2.Given s =x t ,choo a j ∈A according to a policy derived from Q (for example using -greedy action lection).
3.Take ac申请信
tion a j ,obrve r and the next state s ′=x t +1,chon randomly from X .
4.Calculate ←r +max i Q (s ′,a i )−Q (s,a j ).
5.←+∇Q (s,a j ).
6.s ←s ′.
7.Loop to 2,unless termination condition is met.3Experimental results
A t of experiments has been performed,in order to evaluate the effective-ness of this approach,on 9datats that are available from the UCI Machine Learning Repository [3].For each datat cross-validation was ud to lect the number of hidden units for the ba classifier.Each classifier was trained for 100iterations and a learning rate =0.01was ud.The discount param-eter for the controlling agent was t to 01.The results reported here are for -greedy action lection and for the hard combination method.Results with soft怎样重置路由器
max action lection and weighted combination are not significantly different.

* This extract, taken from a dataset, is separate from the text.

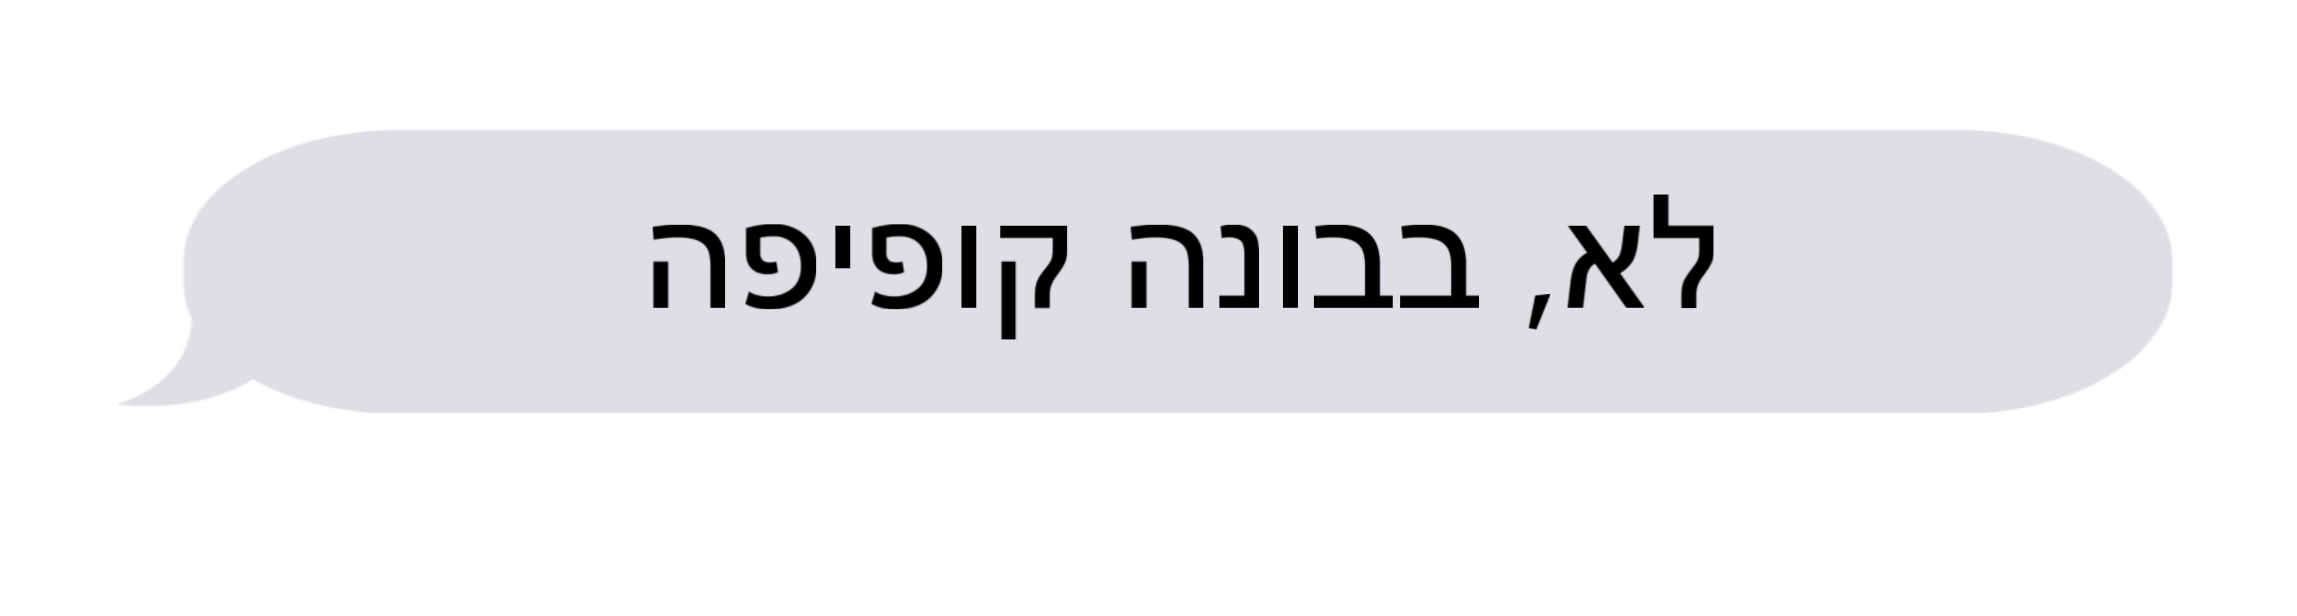 #hebrew #freetoedit

A comparison was made between the RL-controlled mixture,a single MLP,the Mixture of Experts and AdaBoost using MLPs.As can be en in Table 1,the enmbles generally manage to improve test performance compared to the ba classifier,with the RL mixture outperforming AdaBoost and MOE 4and
1The
classification task is similar to an n -armed bandit problem,since the next state is not influenced by the agent’s actions.However it is more accurately described as a partially obrvable process,since the parameters of the classifiers constitute a state which changes depending on the agent’s actions.
0 0.1
0.2
0.3
0.4
0.5
0.6
0.7
0.8
0.9
1
0.5 0.55 0.6 0.65 0.7 0.75 0.8 0.85 0.9 0.95 11 expert 2 experts 4 experts 8 experts 16 experts 32 experts Figure 1:Cumulative margin dis-
tribution for RL on the ionosphere
datat,with an increasing number of
experts.MLP Boost MOE RL 7.28% 1.21% 4.84% 2.43%32.8%16.2%31.6%29.1%15.0%16.2%13.7%15.0%5.96% 5.96% 5.96% 3.08%4.10% 2.52% 4.55% 3.73%2.63% 1.42% 2.13% 2.3%2.72% 3.10% 2.80% 2.69%8.33% 6.48%7.75%7.41%56.1%61.9%68.1%48.3%
Table 1:Classification error on the UCI breast,forest,heart,ionosphere,letter,optdigits,pendigits,spamba and vowel datats using 32experts.7times out of 9respectively.For each datat we have also calculated the cumulative margin distribution resulting from equation (1).For the RL mixture there was a constant improvement in the distribution in most datats when the number of experts was incread (c.f.Figure 1),though this did not always result in an improvement in generalisation performance.
4Conclusions and Future Rearch
The aim of this work was to demonstrate the feasibility of using adaptive policies to train and combin
e a t of ba classifiers.While this purpo has arguably been reached,there still remain some questions to be answered,such as under what conditions the margin of classification is incread when using this approach.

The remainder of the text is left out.